The continuous contraction of Topic 6 (Pragmatics) and Topic 7 (Micro-level Foreign Language Education) suggests that the traditional “humanistic” paradigm—often characterized by qualitative discourse analysis or classroom-based pedagogy—is moving from the core to the periphery of the community’s practice. In contrast, the rapid expansion of Topic 5 (Corpus-based Studies) indicates that the community is actively adopting a new shared repertoire of methodological tools. This shift is not merely a change in subject matter; it represents an epistemological reorientation toward “scientization” (Fecher et al., 2021).

This reorientation reflects the CFL community’s active alignment with global paradigms dominant in Anglophone applied linguistics, where evidence-based research has become the gold standard for legitimacy (X. Liu & Zhu, 2023). By embracing corpus linguistics—a methodology capable of processing massive datasets and generating quantifiable patterns—CFL scholars are acquiring the necessary scientific capital to participate in the global academic conversation. The community is, in effect, rewriting its norms of competence: to be a legitimate participant in the high-impact CFL community now increasingly requires the mastery of quantitative tools rather than purely speculative reasoning.

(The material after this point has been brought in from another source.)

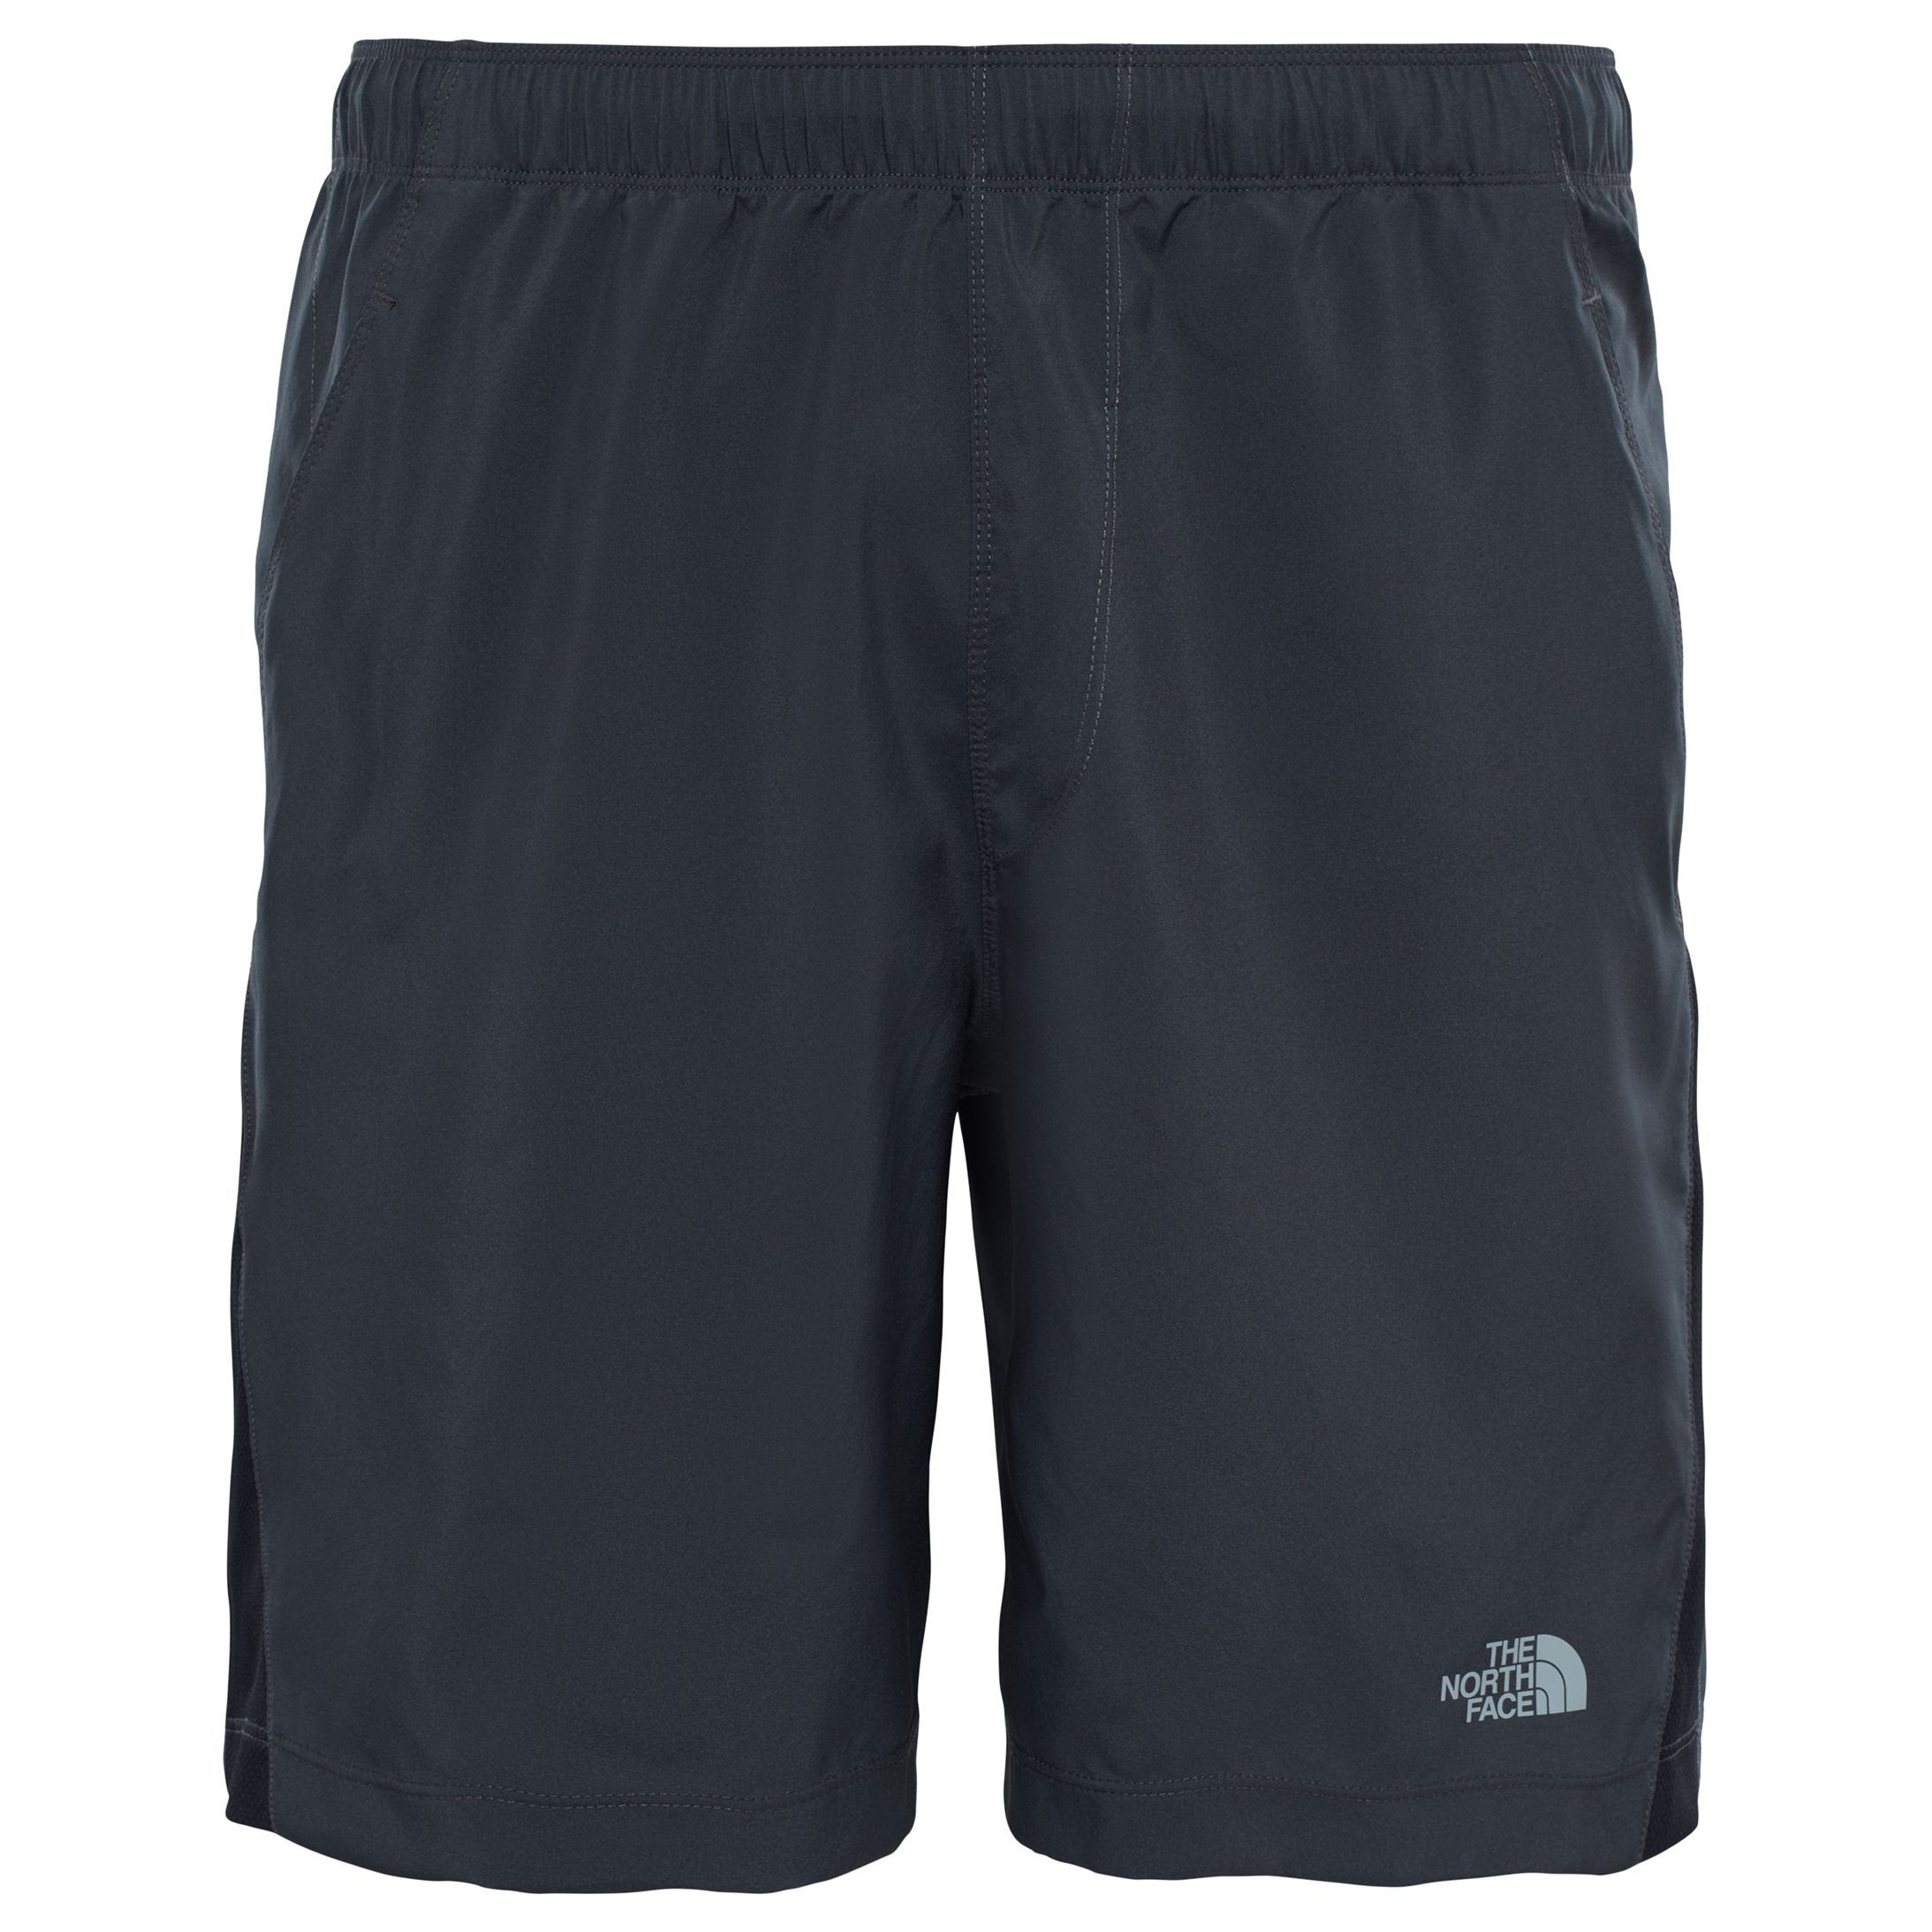 The North Face Reactor Shorts, Grey, M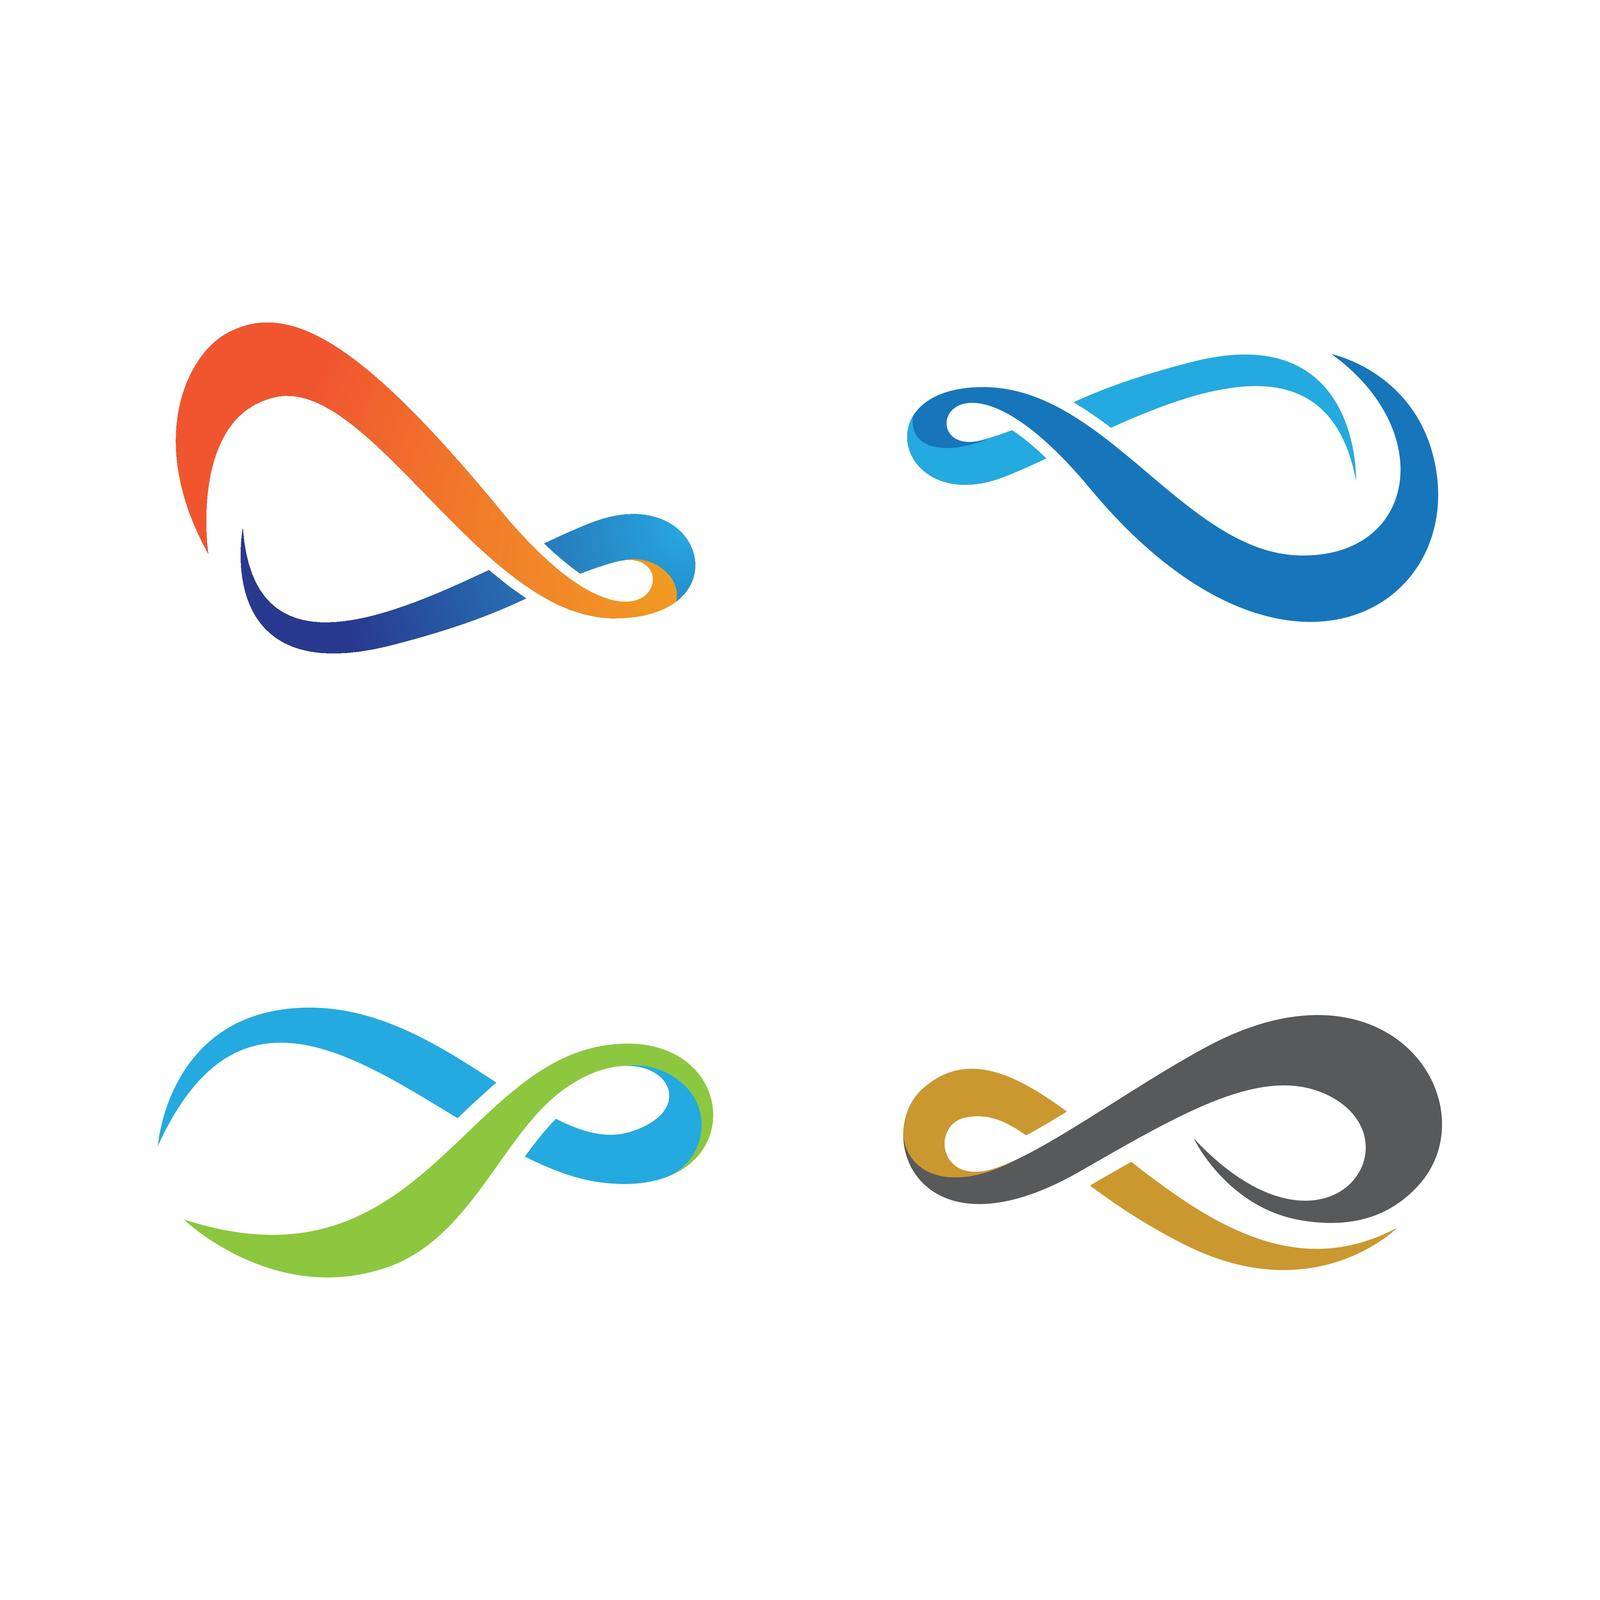 Infinity logo images by Fat17

Furthermore, the robust growth of Topic 1 (Macro-level Foreign Language Education) alongside this empirical turn illustrates a unique feature of the Chinese context: a “state-science” alliance. While global scientization drives the methodological shift, national strategic needs drive the thematic focus. The convergence of these two trends suggests that the joint enterprise of CFL has been redefined as a dual pursuit: adopting “hard” scientific methods to address “hard” national concerns. This collective thematic evolution lays the foundation for the stylistic changes observed in syntax and evaluation, as the community’s new enterprise necessitates rhetorical strategies that project both scientific precision and policy relevance.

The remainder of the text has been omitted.